DATA BELOW -
------------------------------
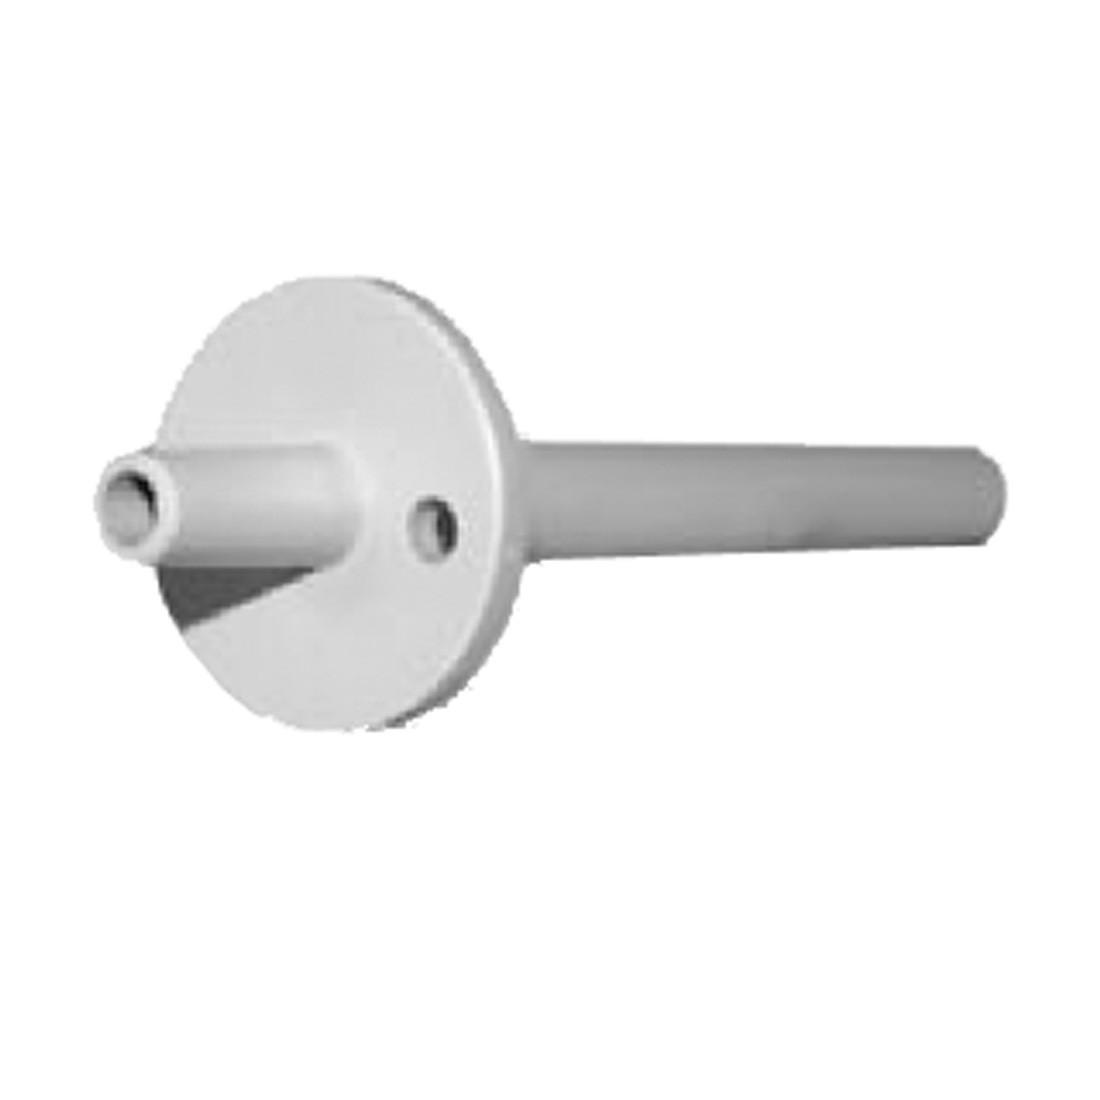 Druckstutzen Typ A-2 für Schlauch ID 5 mm
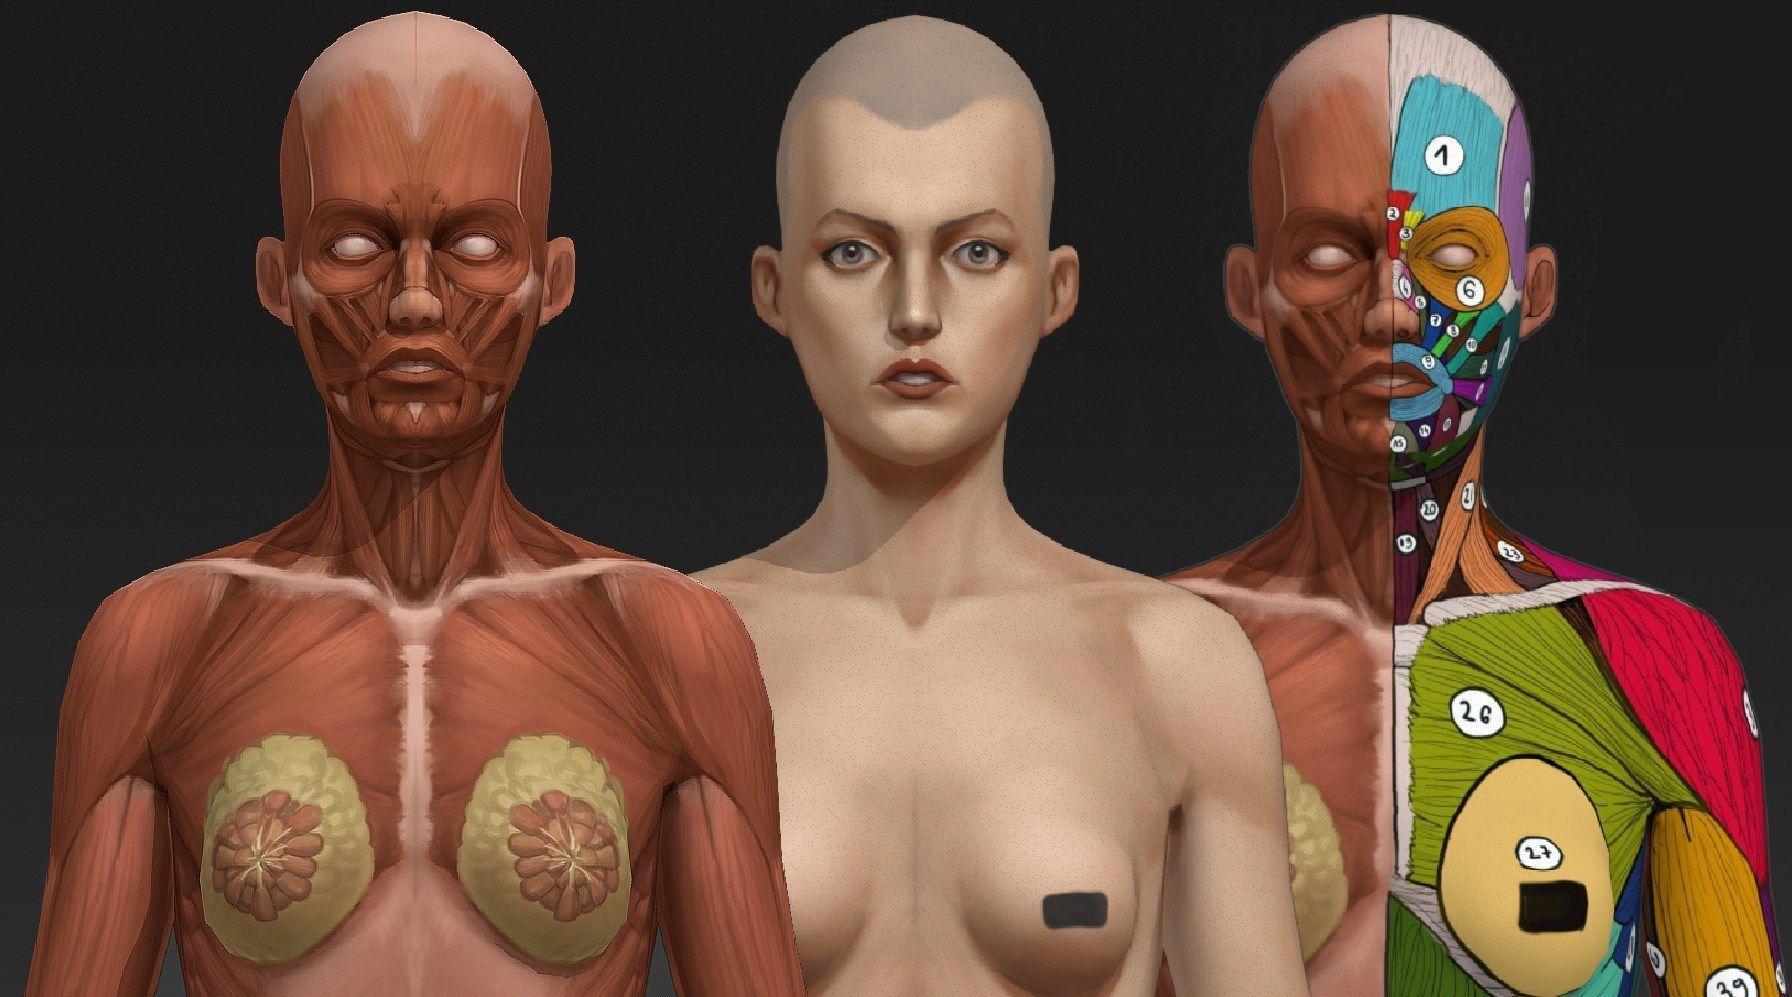 Woman anatomy study
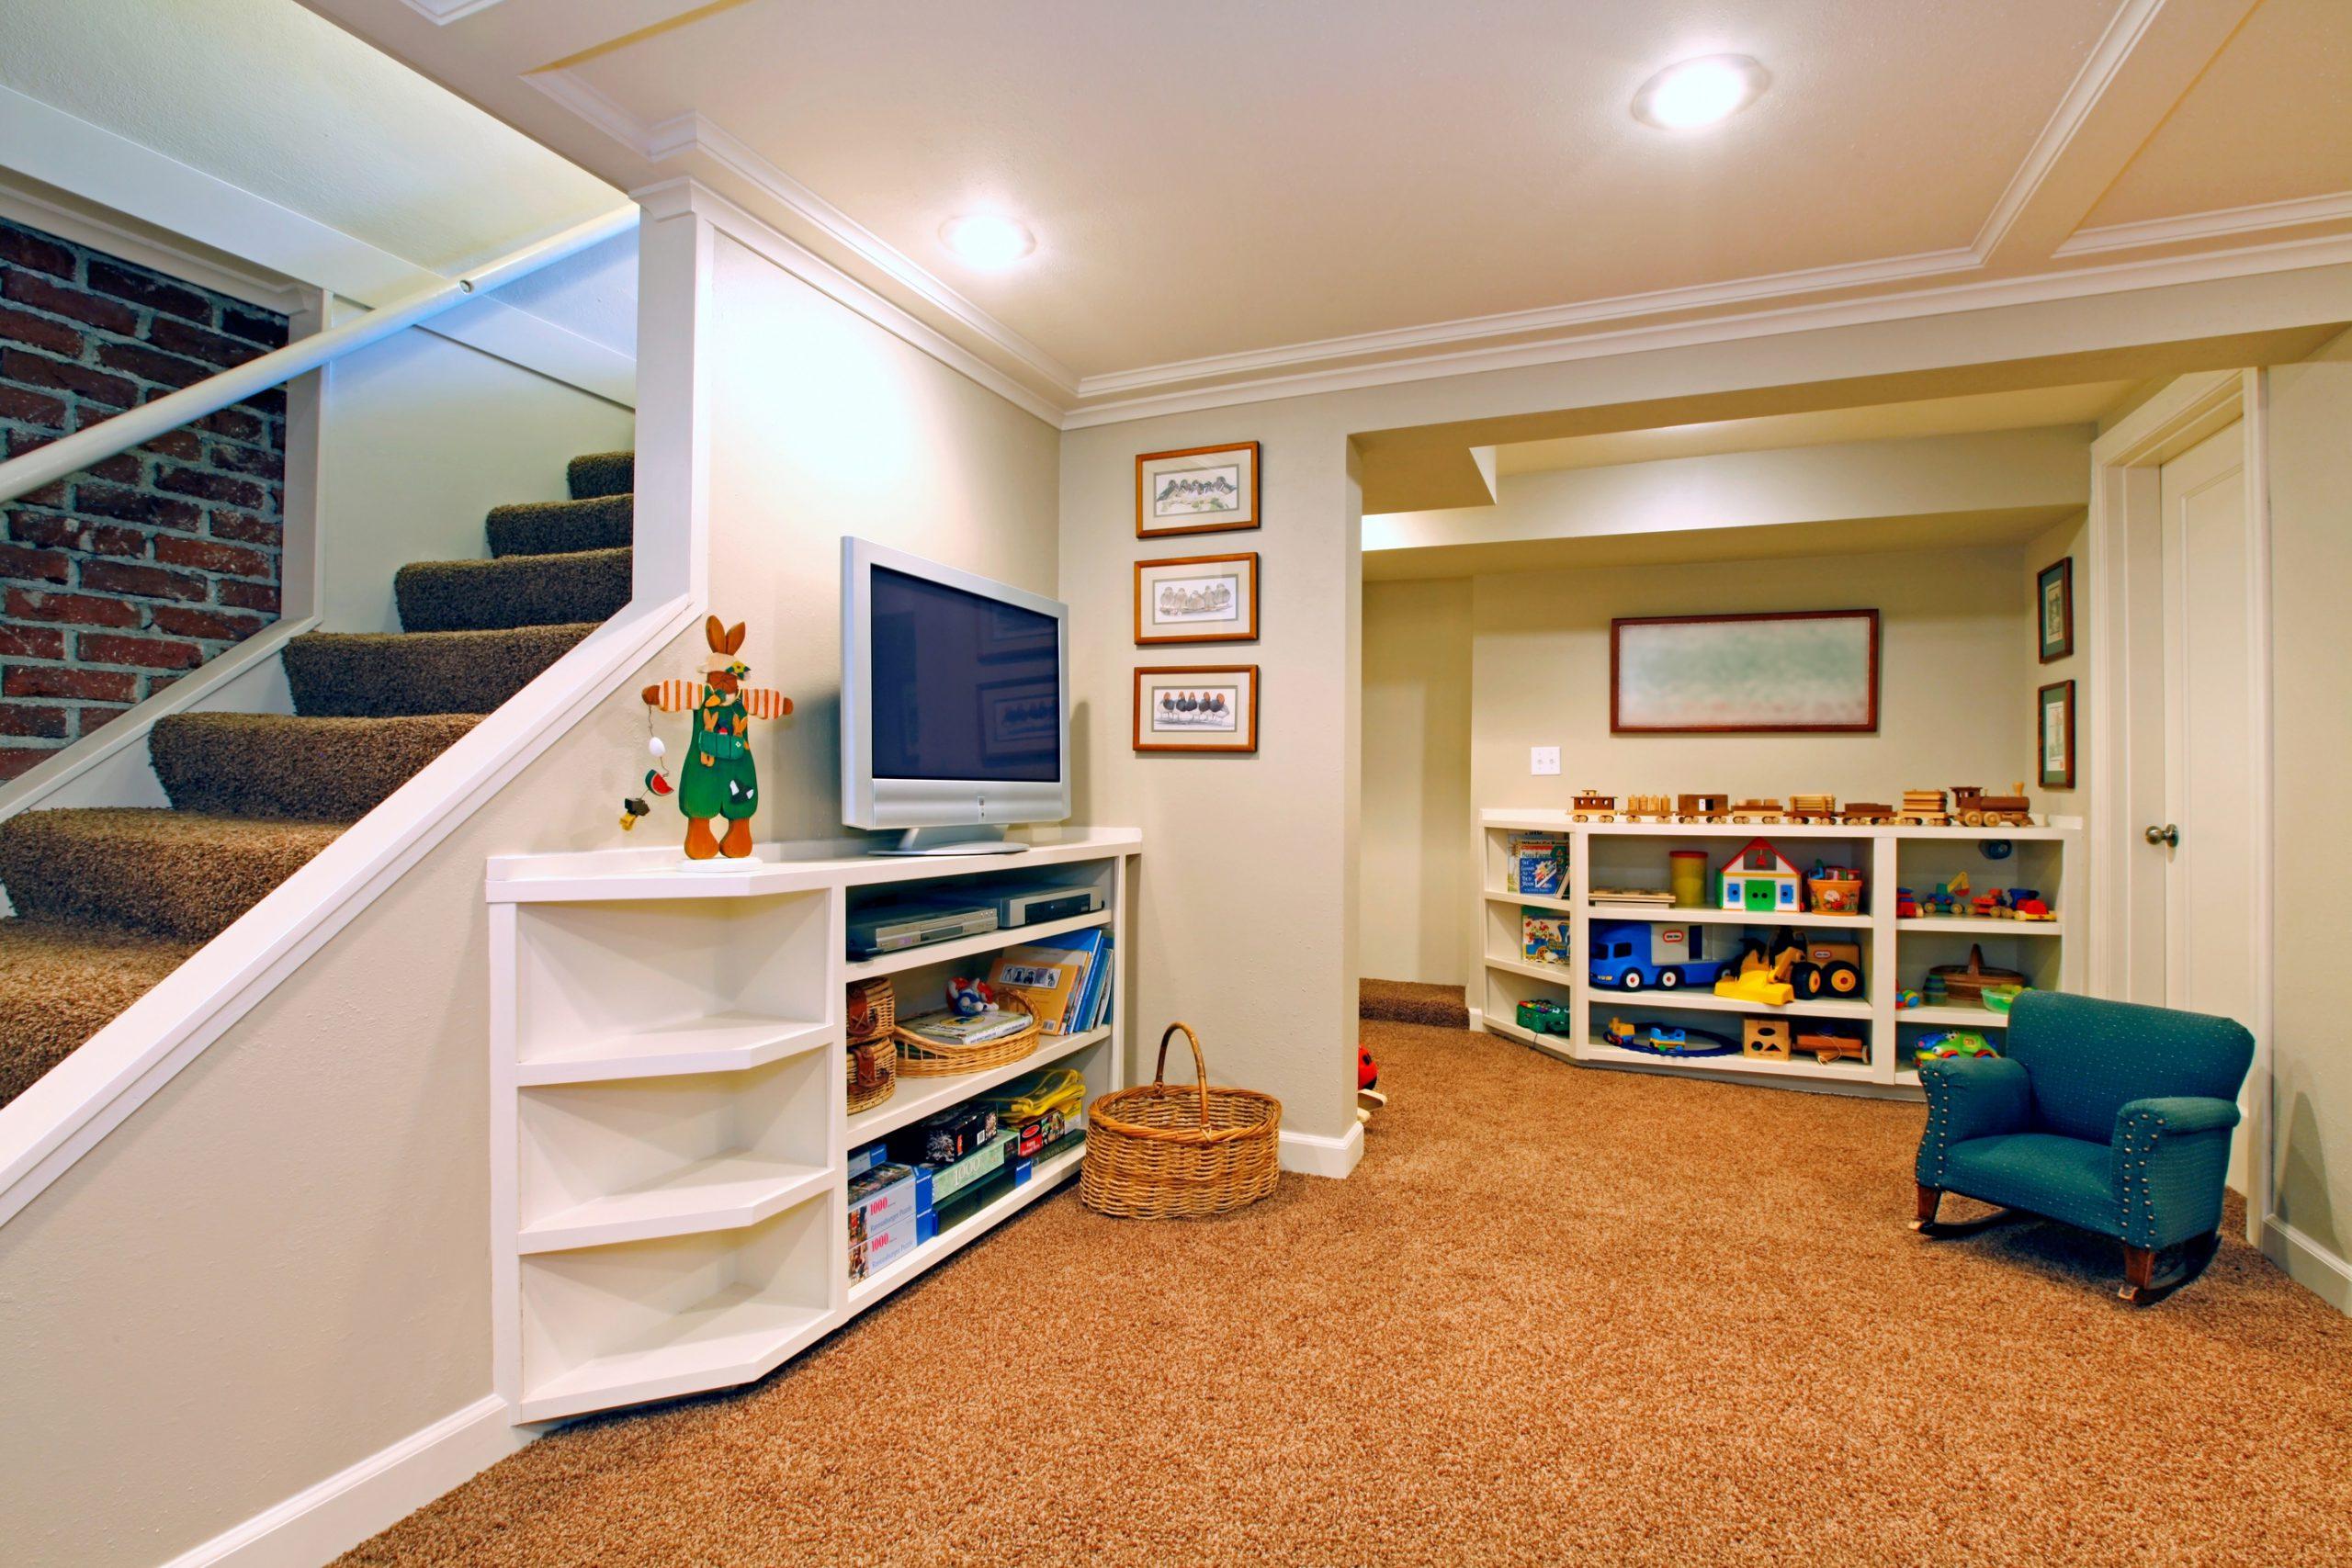 basement-renovation-schaumburg-basement-remodeling-schaumburg
------------------------------
EXERCISE DETAILS -
Without any pictures, repeat the listing exactly.

ANSWER BOX -
 Druckstutzen Typ A-2 für Schlauch ID 5 mm
 Woman anatomy study
 basement-renovation-schaumburg-basement-remodeling-schaumburg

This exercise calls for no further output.